[YOUR TASK]
As output, give the exact lines from the one containing "Link to open source step" through the end of the listing below, both included, without the pictures.

[COLLECTED MATERIAL]
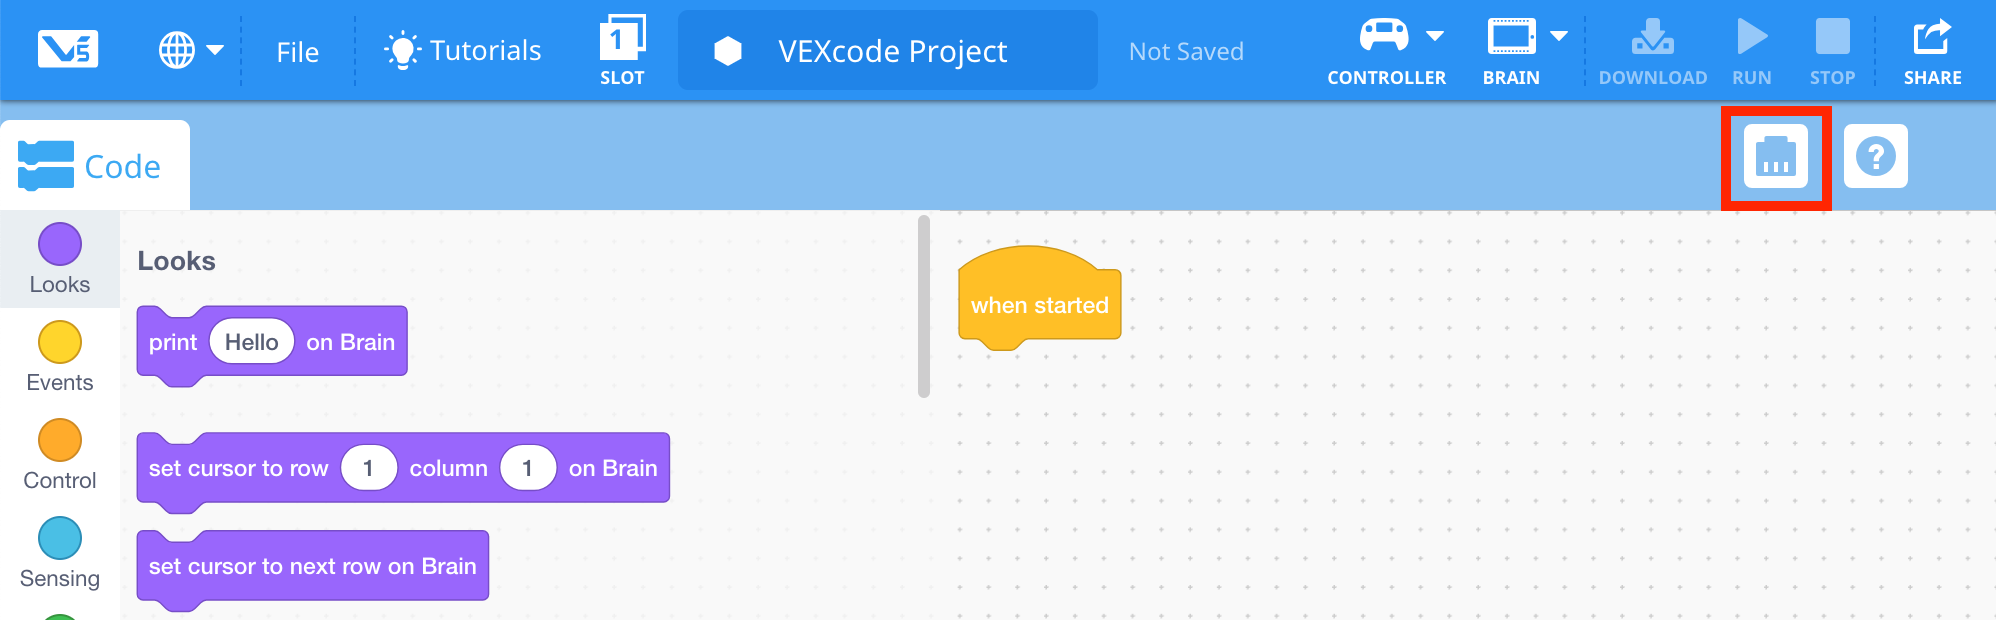 How can I code an X-drive - VEXcode Pro V5 Text Tech Support - VEX Forum
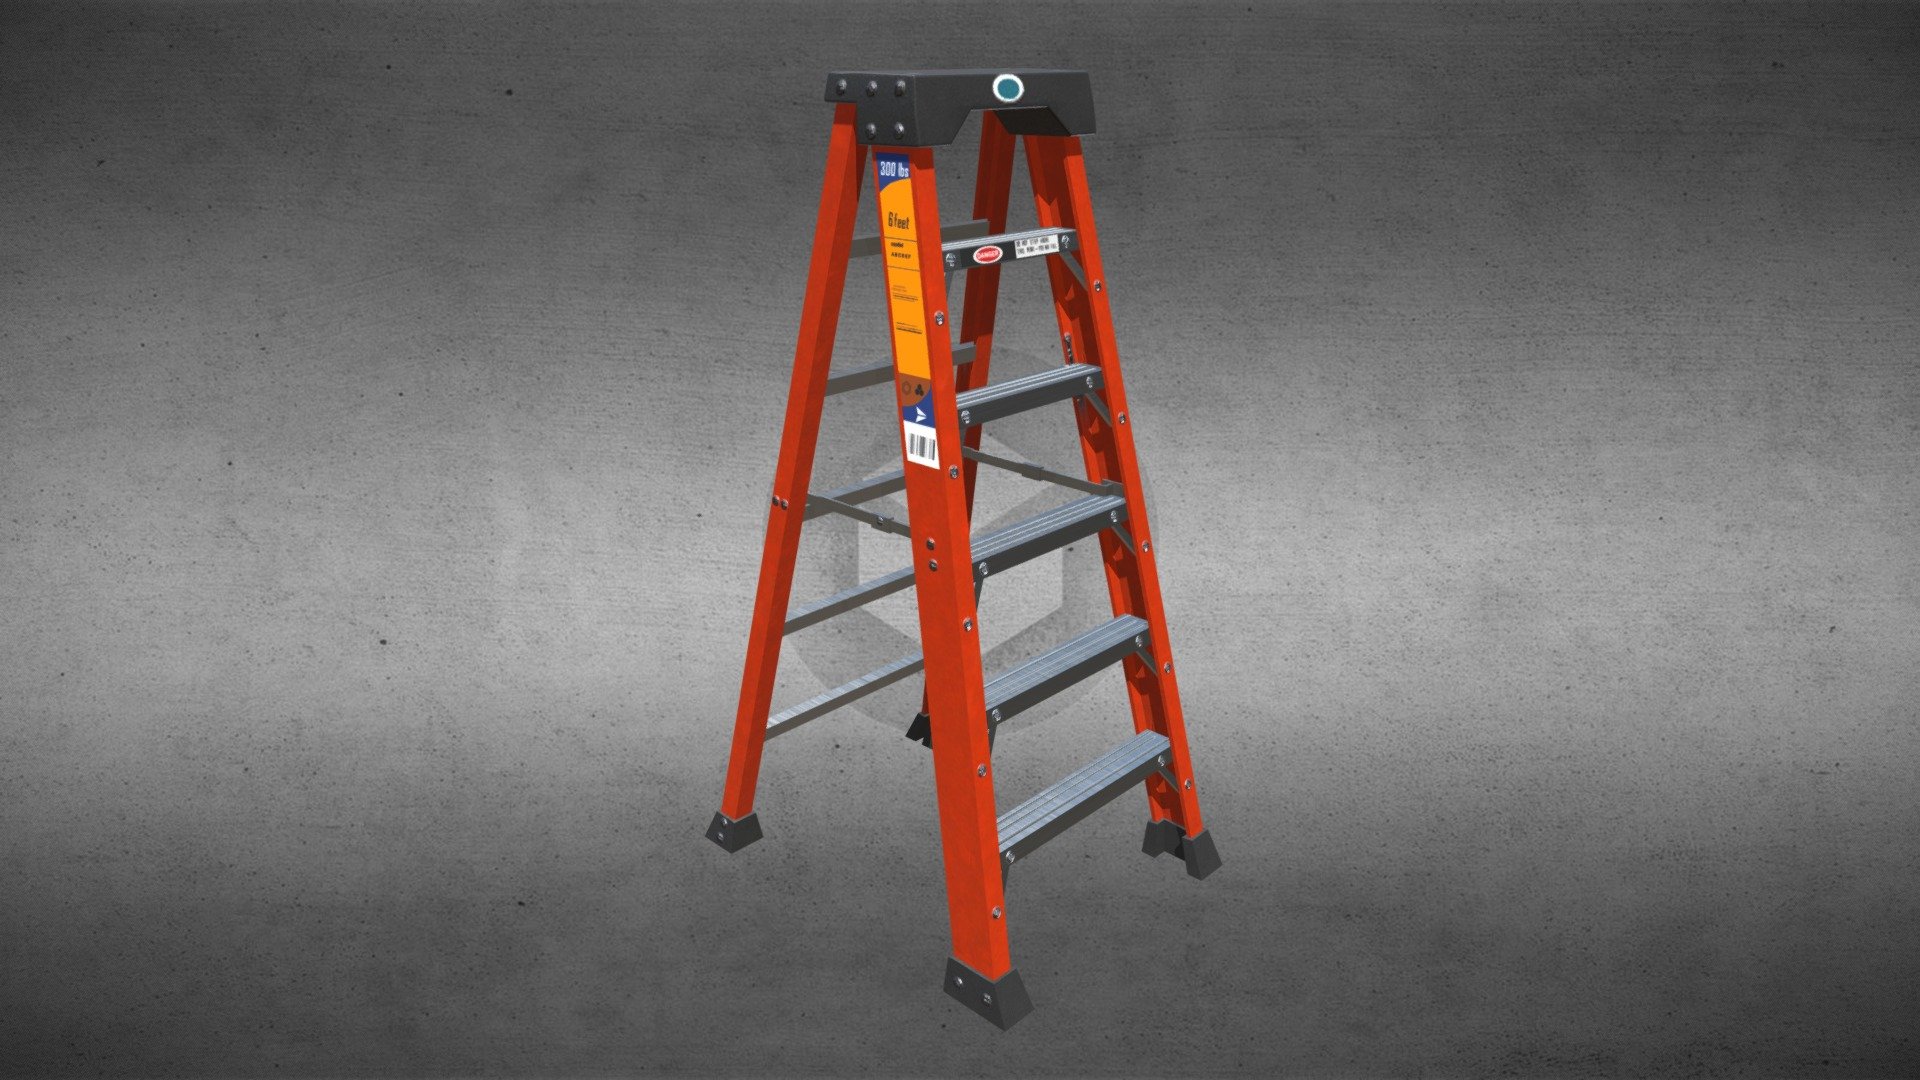 Link to open source step ladder files in Purdue University Research Repository (PURR): https://purr.purdue.edu/publications/3344/1

Link to open source “OSHA Fall Safety” project in Purdue University Research Repository (PURR): https://purr.purdue.edu/publications/3286/1 - Step Ladder - 3D model by Purdue Envision Center (@EnvisionCenter) 3d model

[OUTPUT FOR THIS EXERCISE]
 Link to open source step ladder files in Purdue University Research Repository (PURR): https://purr.purdue.edu/publications/3344/1

Link to open source “OSHA Fall Safety” project in Purdue University Research Repository (PURR): https://purr.purdue.edu/publications/3286/1 - Step Ladder - 3D model by Purdue Envision Center (@EnvisionCenter) 3d model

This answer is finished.